#### WHAT THE TASK ASKS
Each line from the one containing "12/3(土) 【埼玉の山の木を見に行こう!】 バスツアー at 飯能" to the end of the data must be copied exactly, the first and last included; no other lines and no pictures belong in the copy.

(SOURCE DATA begins)

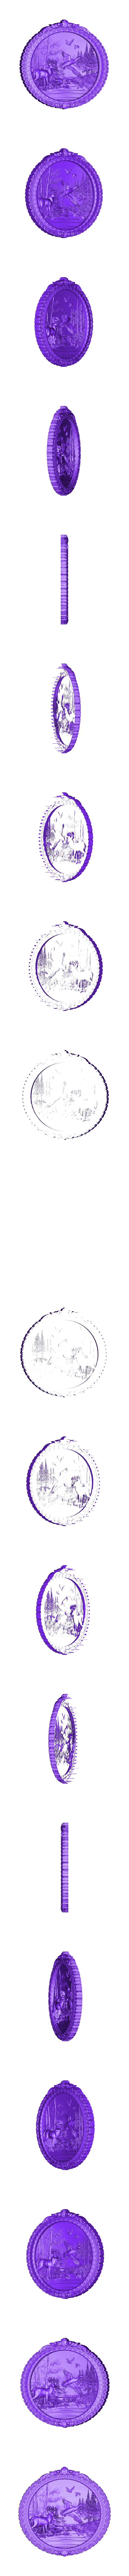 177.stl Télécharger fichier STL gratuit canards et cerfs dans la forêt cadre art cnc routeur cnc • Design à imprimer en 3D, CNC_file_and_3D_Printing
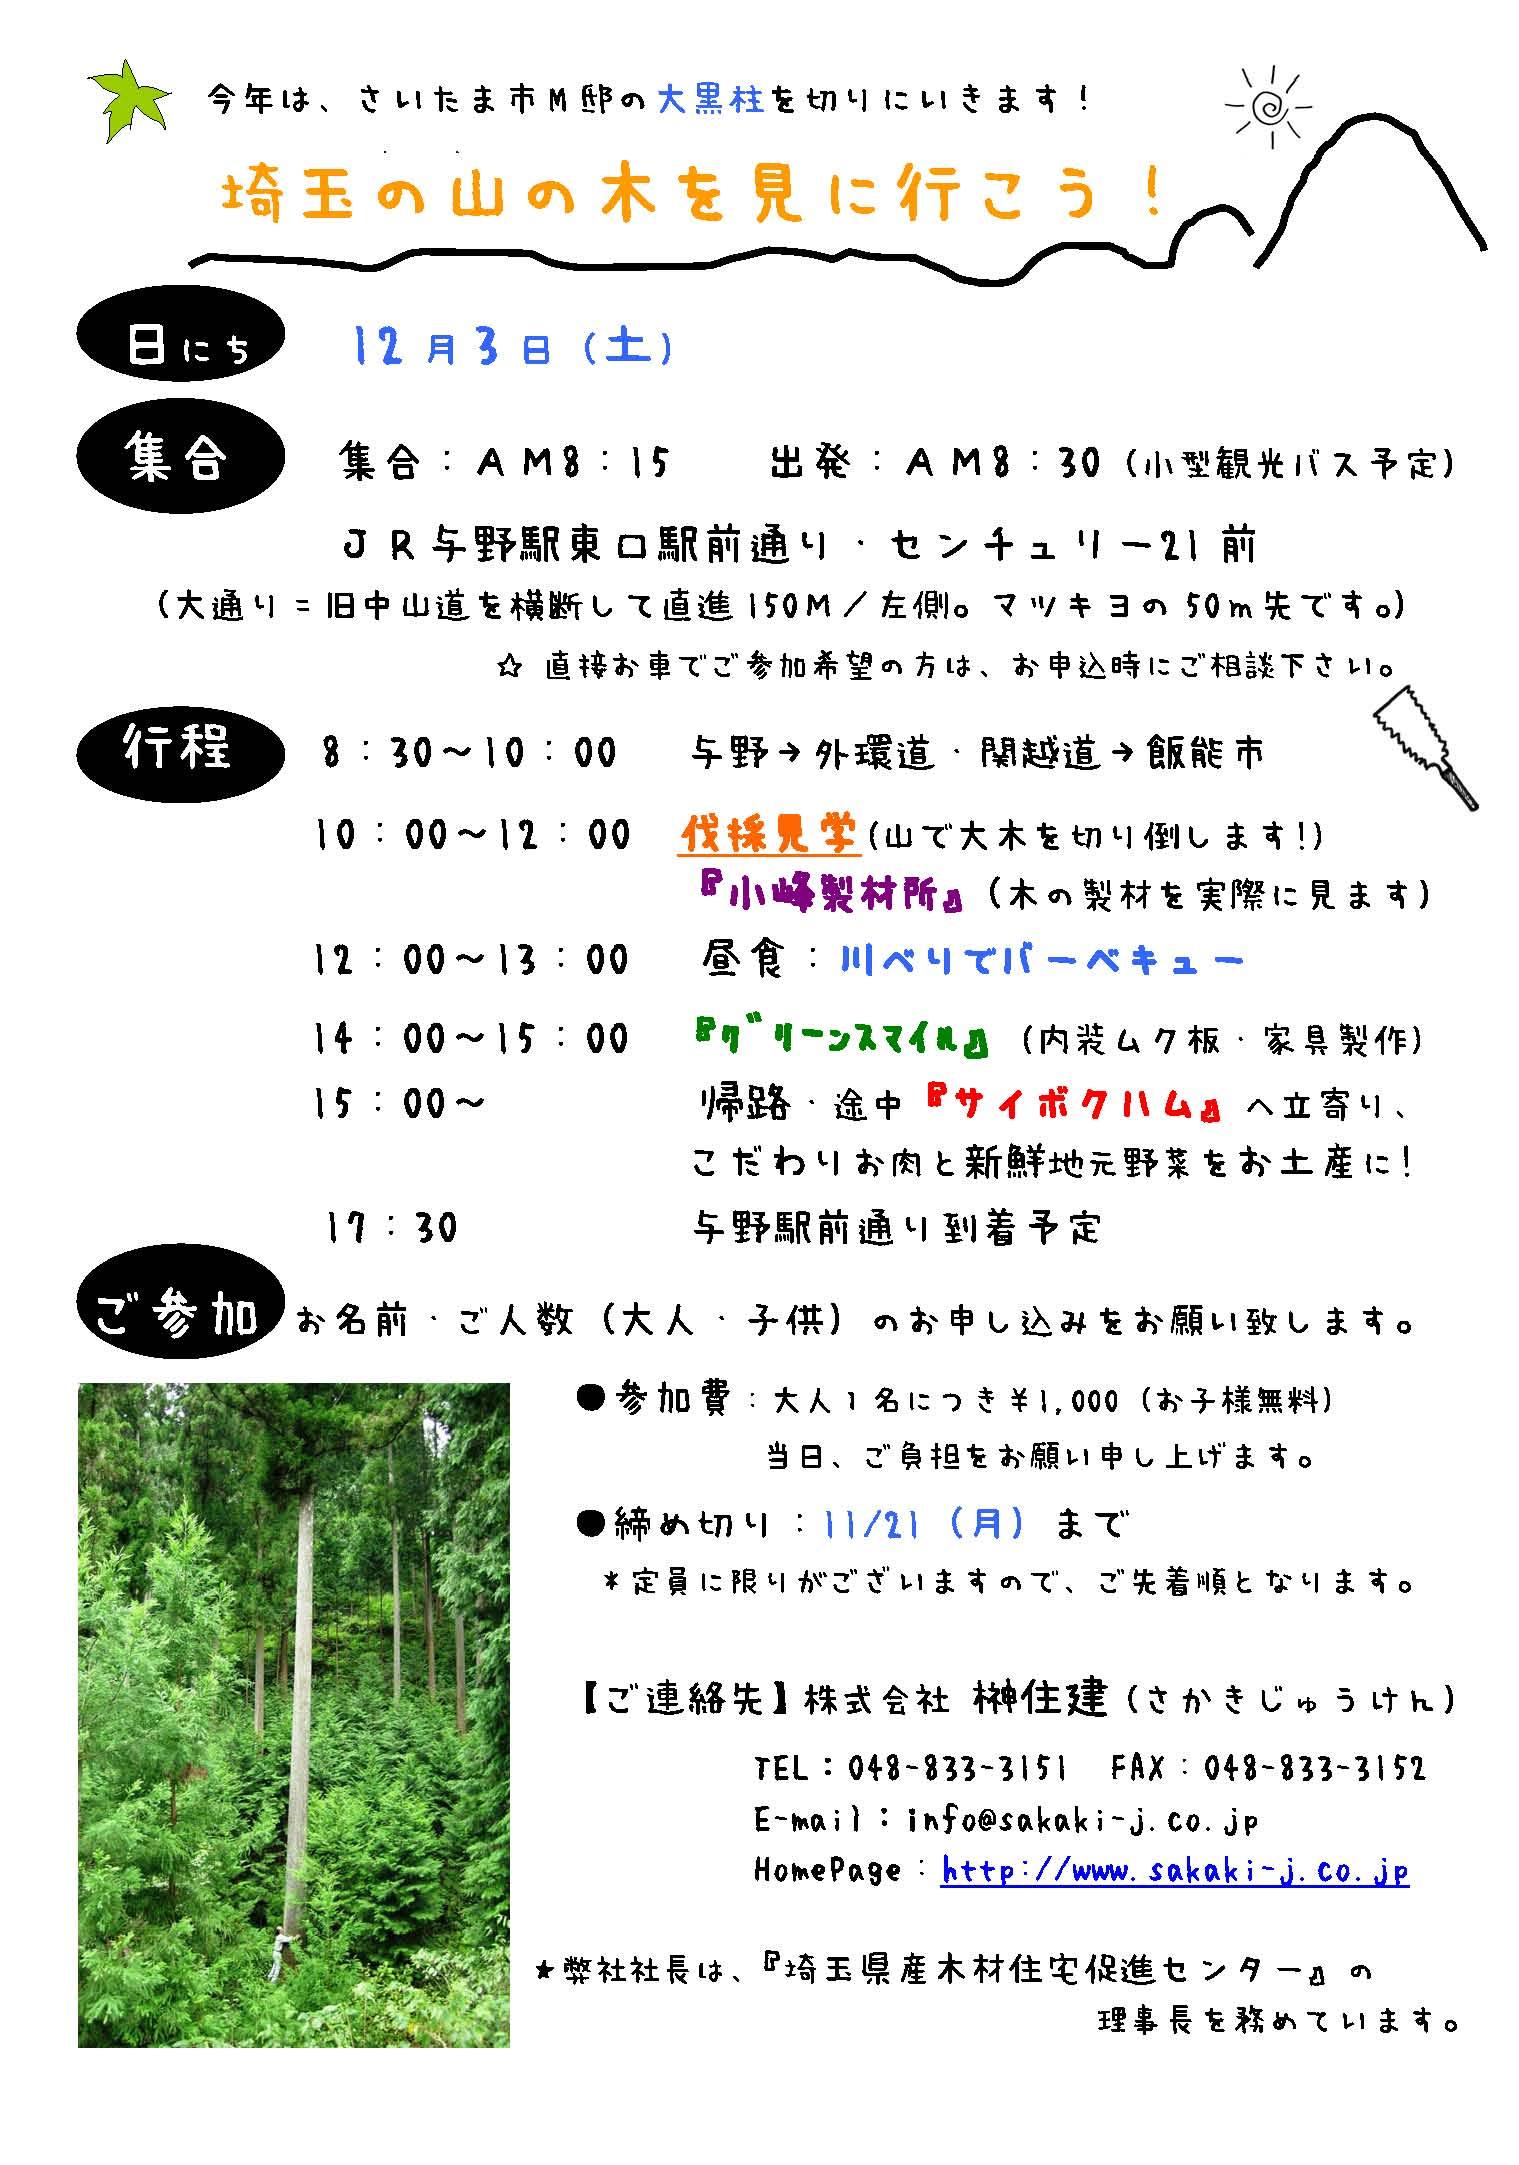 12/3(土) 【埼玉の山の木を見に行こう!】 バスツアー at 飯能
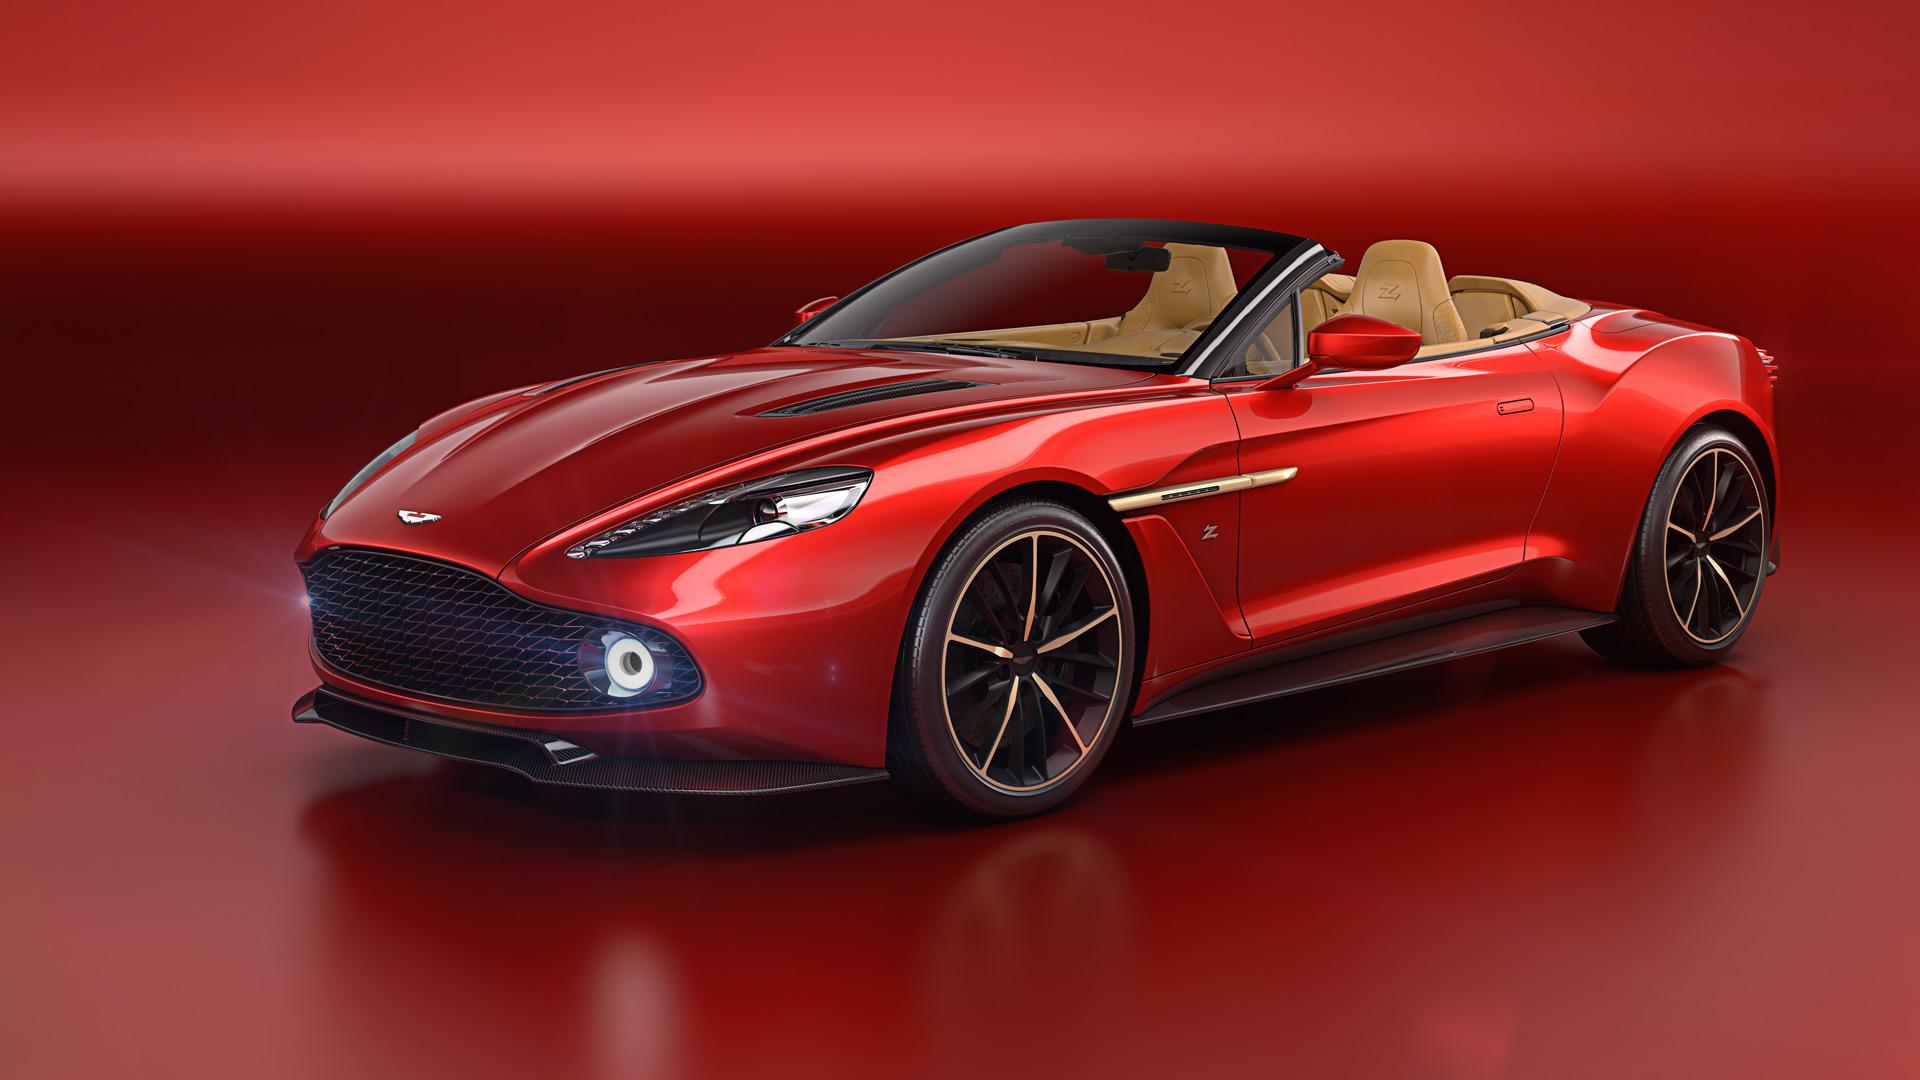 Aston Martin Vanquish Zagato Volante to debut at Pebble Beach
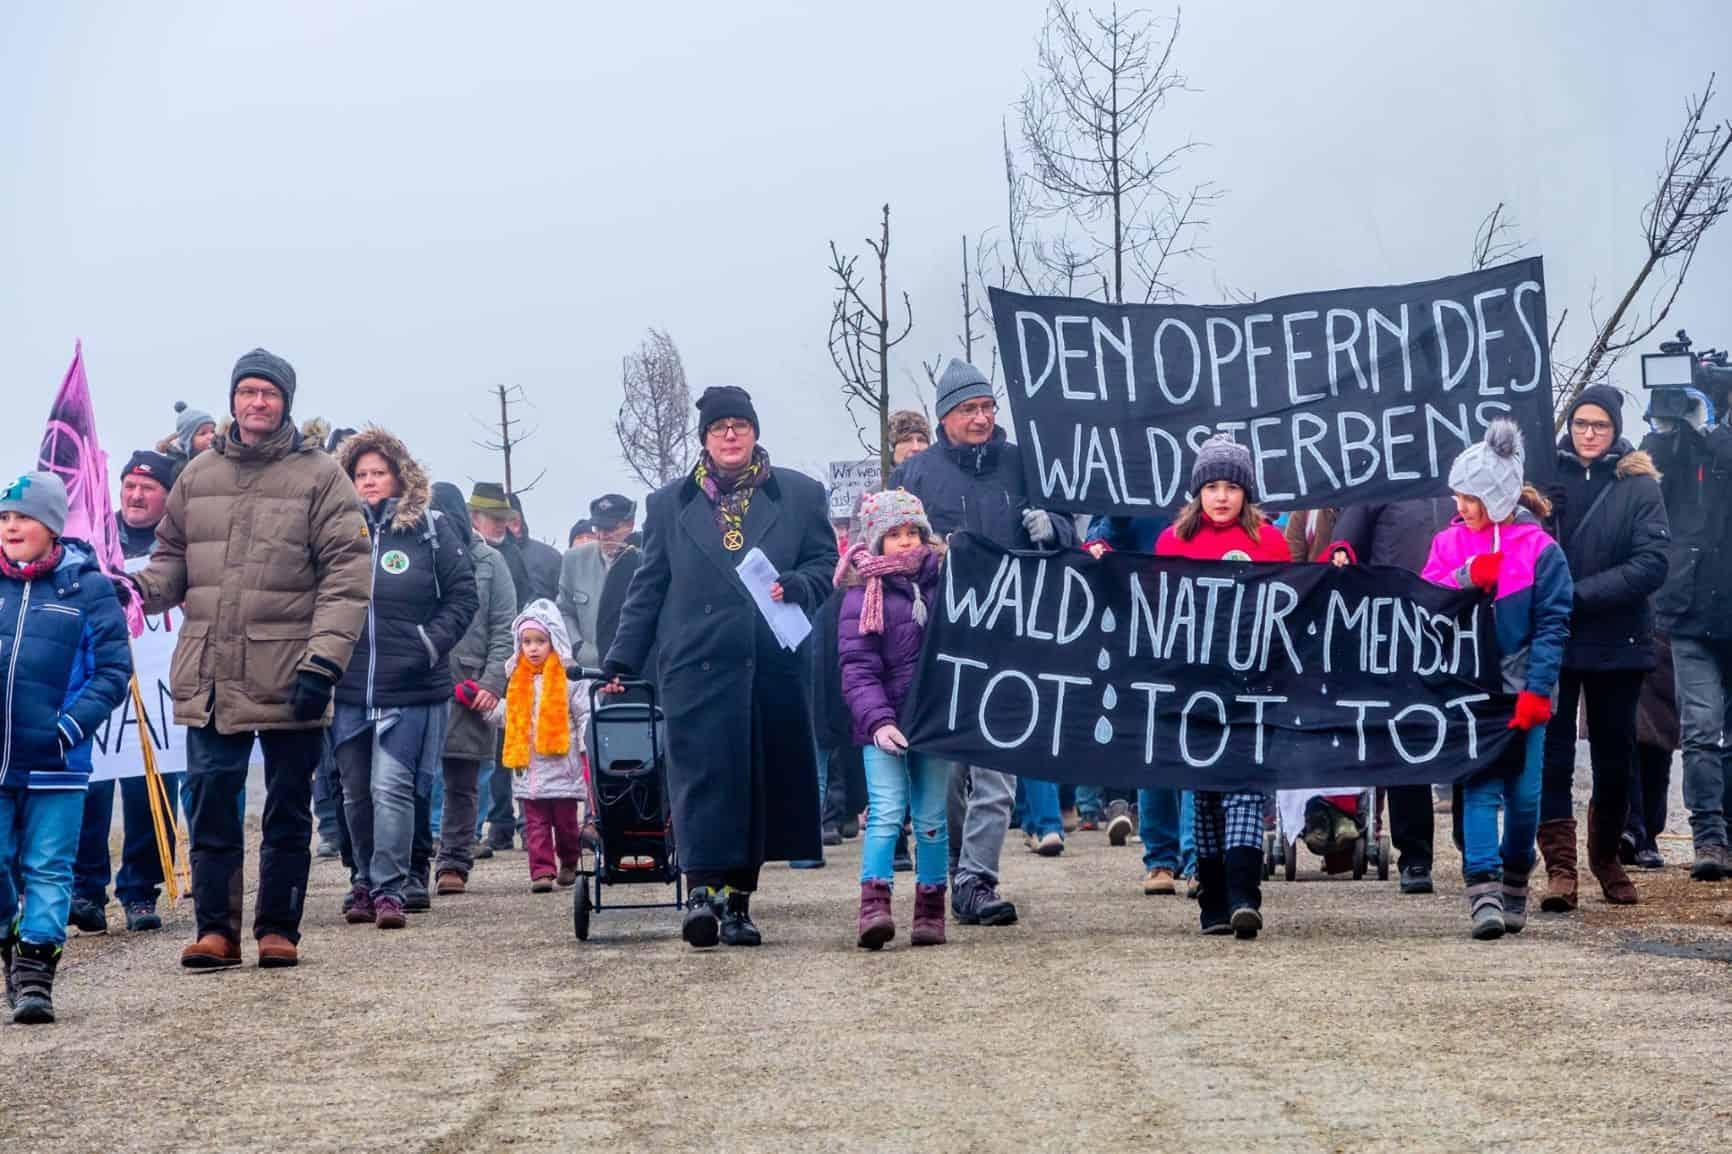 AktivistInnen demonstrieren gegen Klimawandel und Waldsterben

(SOURCE DATA ends)

#### EXERCISE RESPONSE
 12/3(土) 【埼玉の山の木を見に行こう!】 バスツアー at 飯能
 Aston Martin Vanquish Zagato Volante to debut at Pebble Beach
 AktivistInnen demonstrieren gegen Klimawandel und Waldsterben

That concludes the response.